### Data section
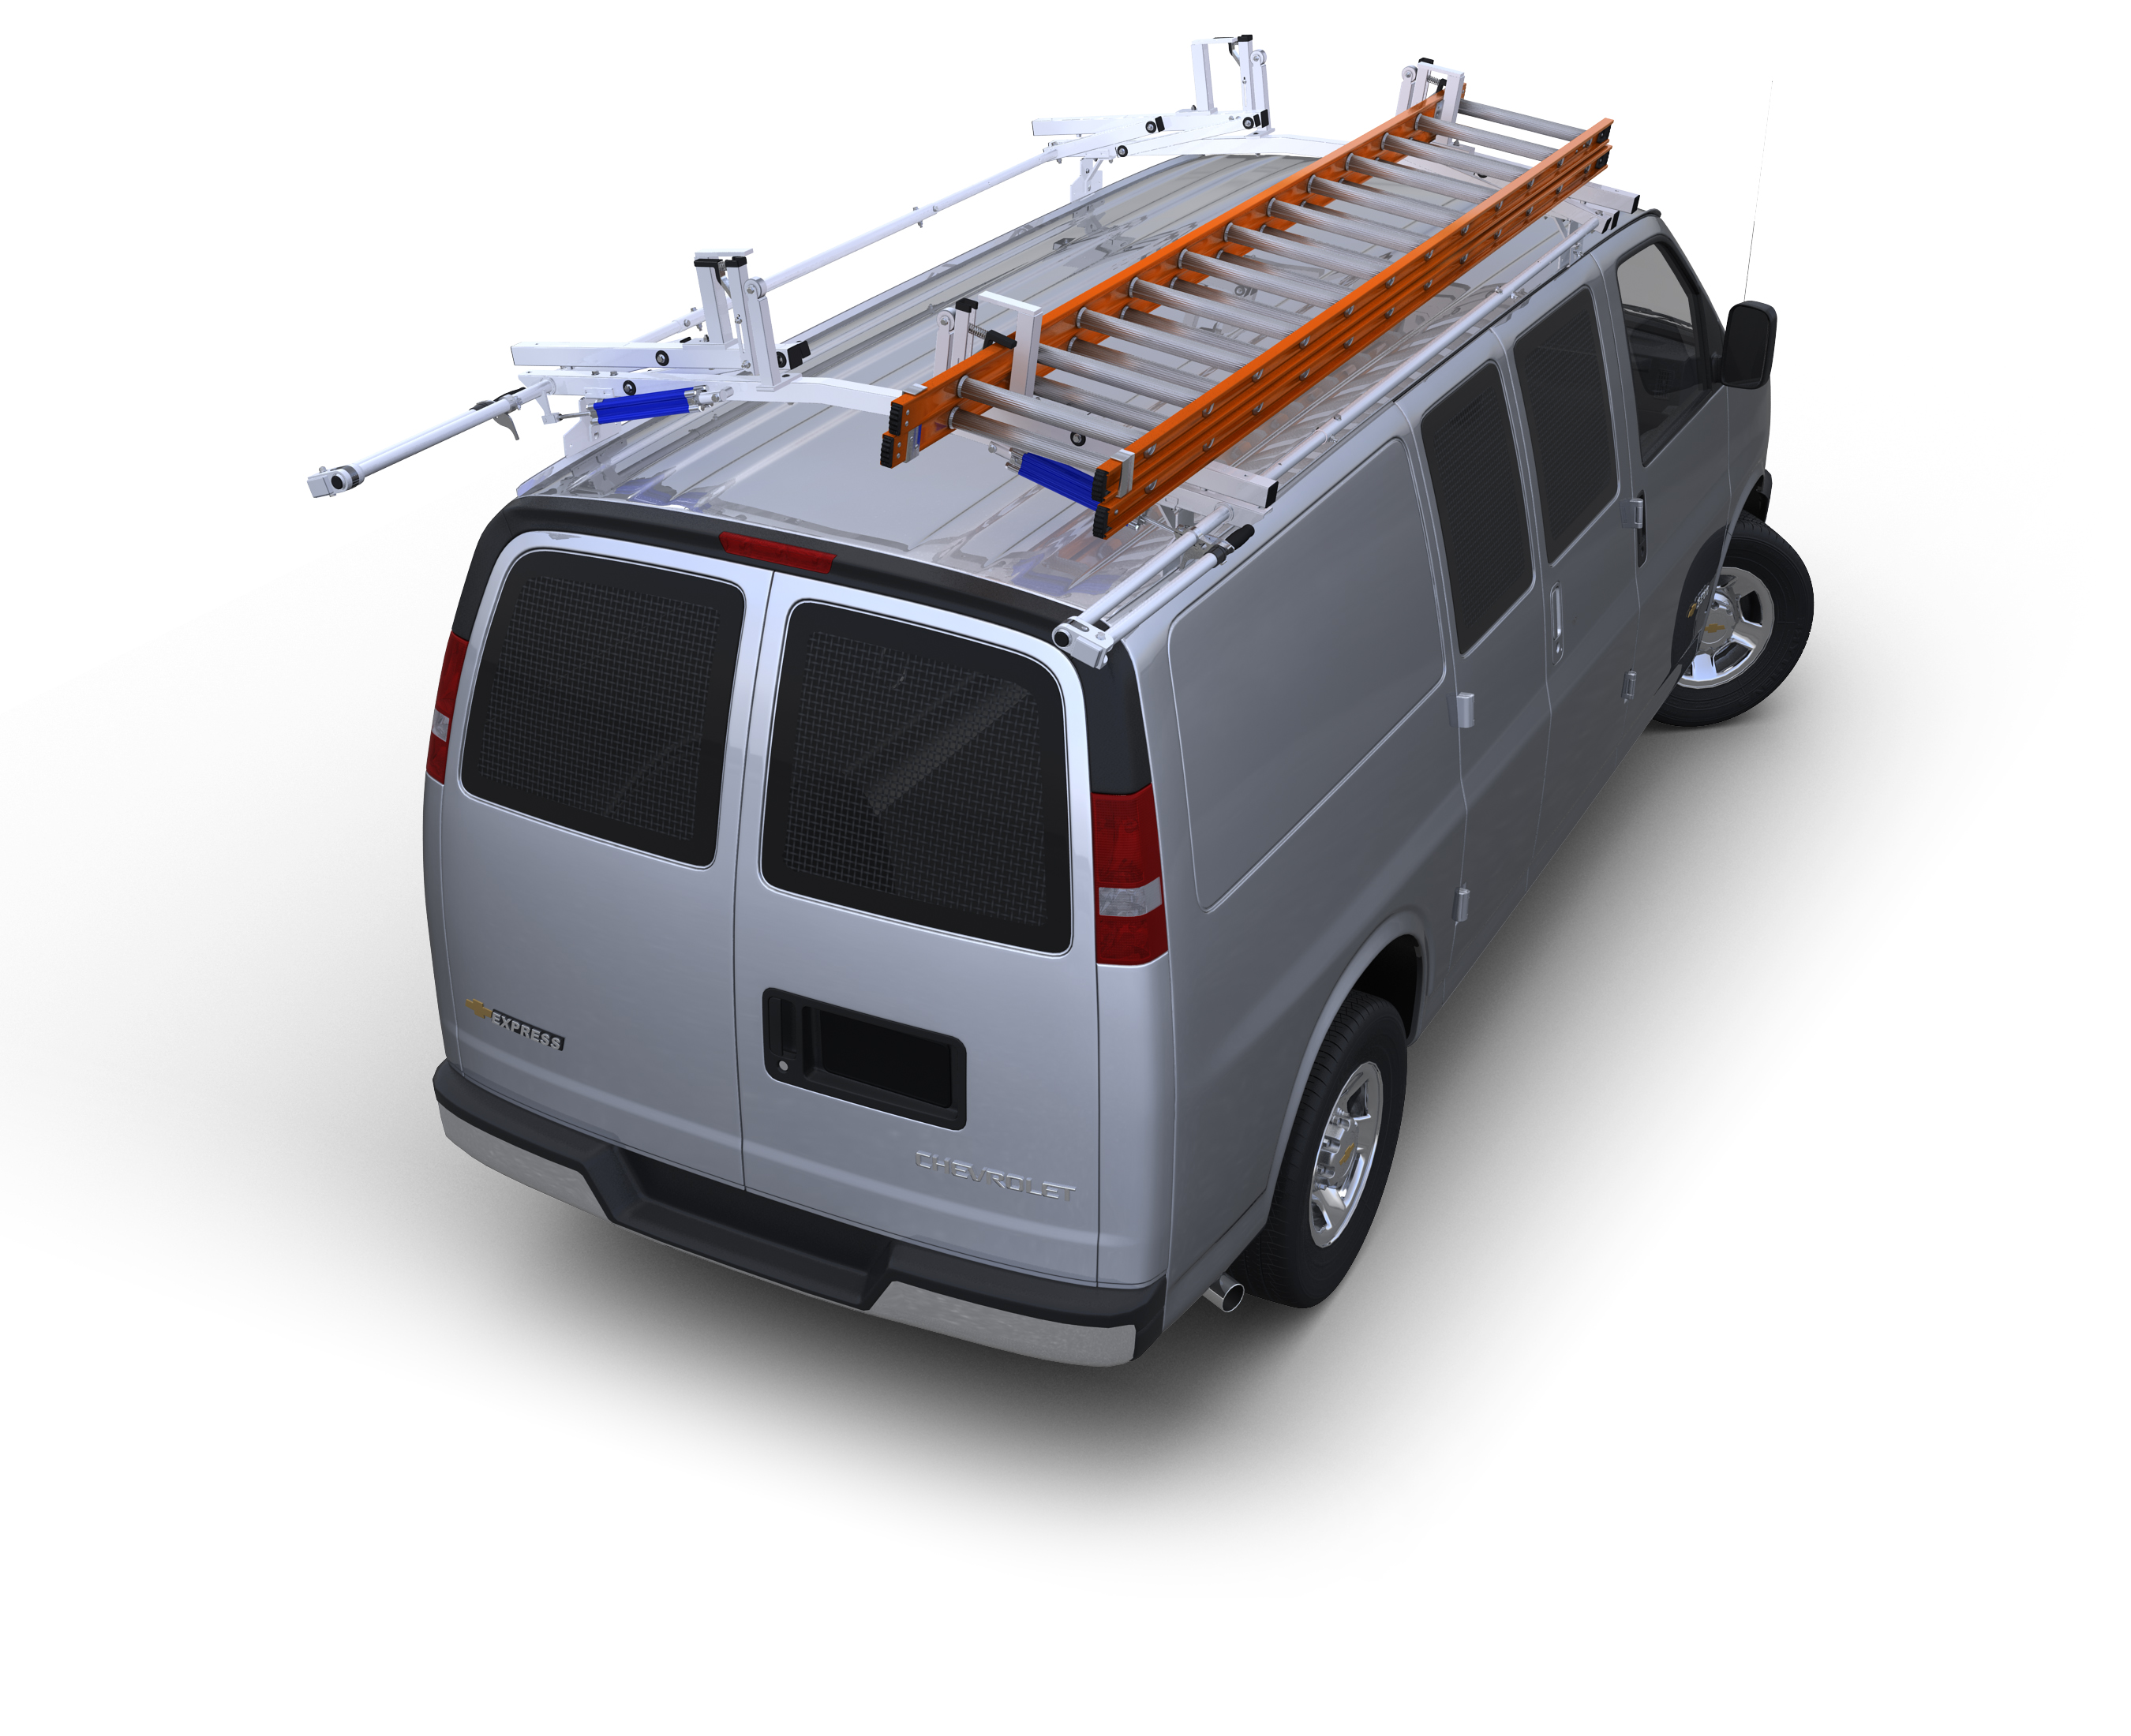 Electrician Van Package-Ford-2008 Or Newer
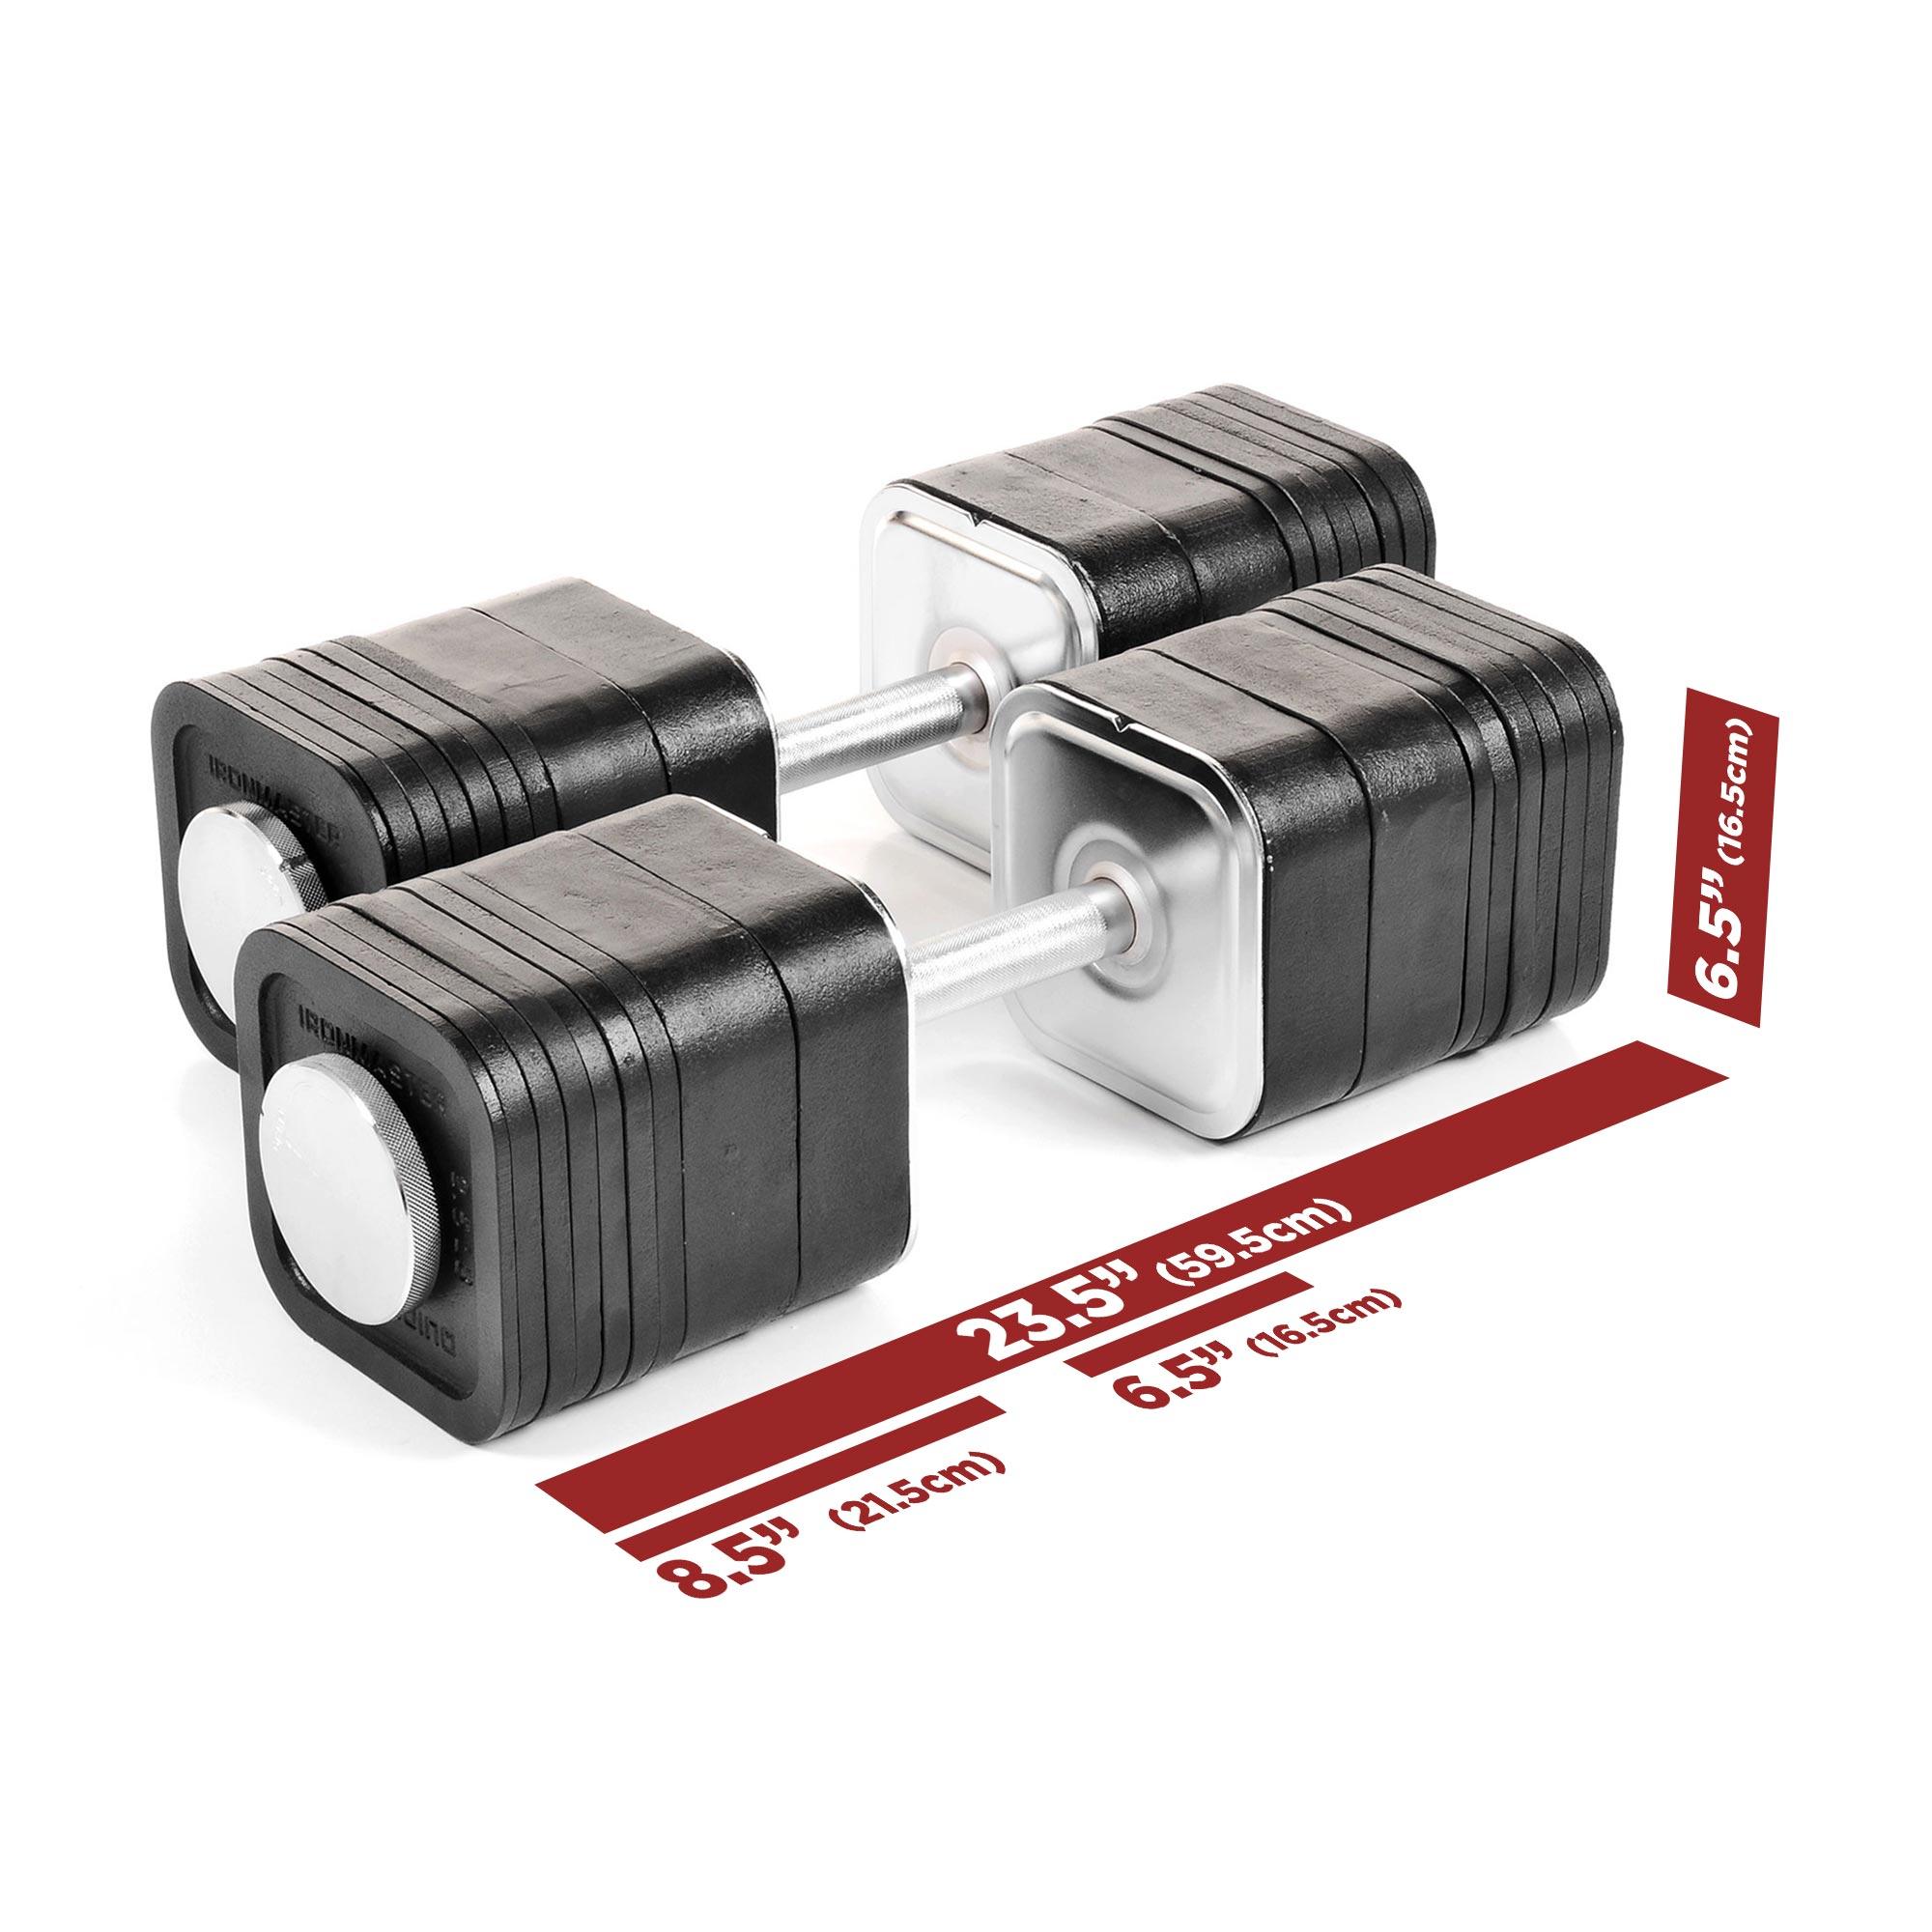 IronmasterUK QL Dumbbells 165lbs specifications
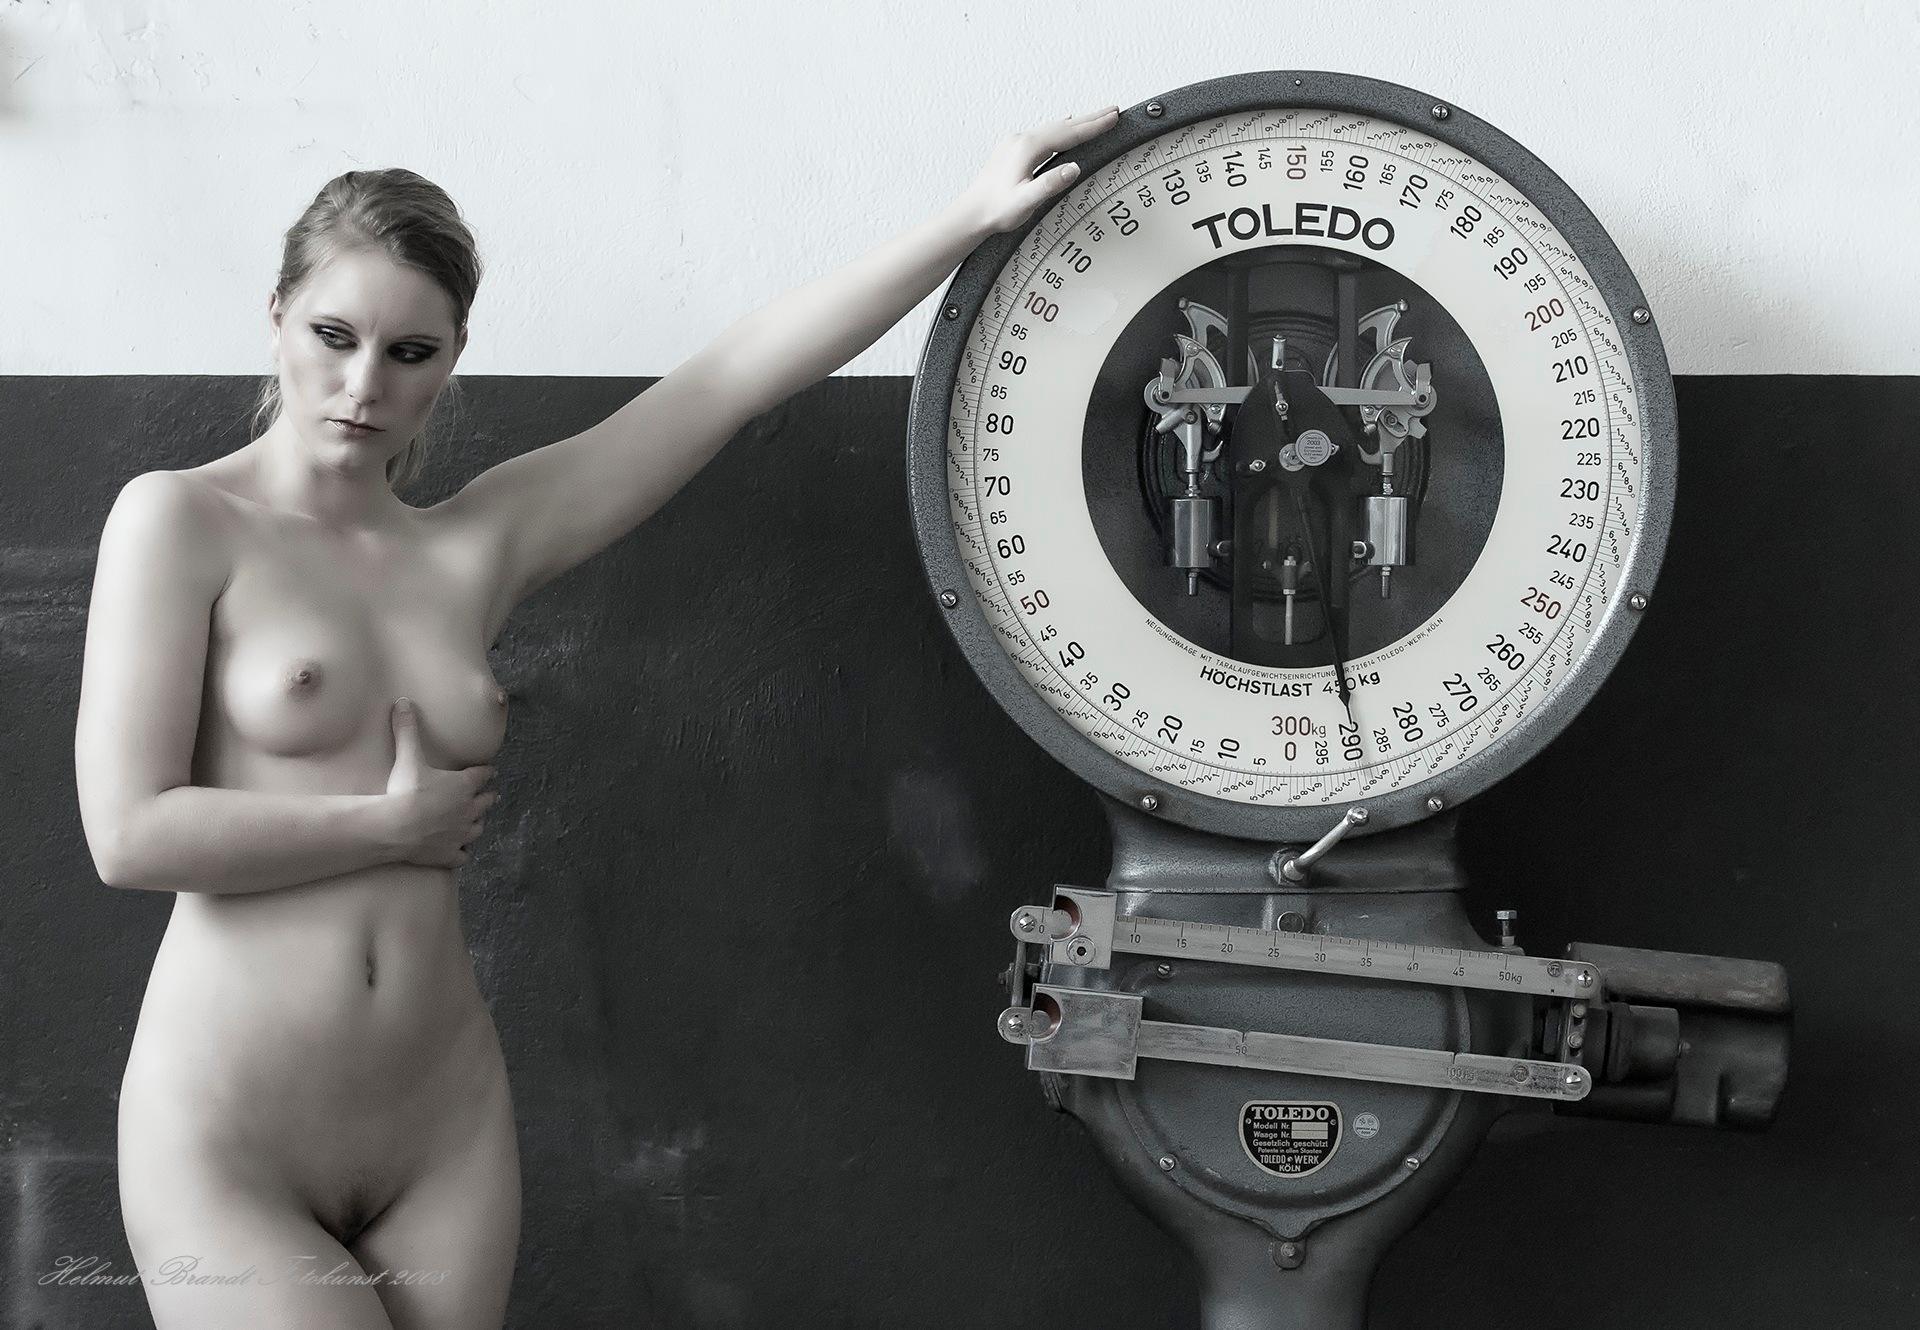 Claudia - Waage - Scales by Helmut Brandt

### Work order
The data shown above must be printed again exactly, with no images included.

### Solution to the problem
 Electrician Van Package-Ford-2008 Or Newer
 IronmasterUK QL Dumbbells 165lbs specifications
 Claudia - Waage - Scales by Helmut Brandt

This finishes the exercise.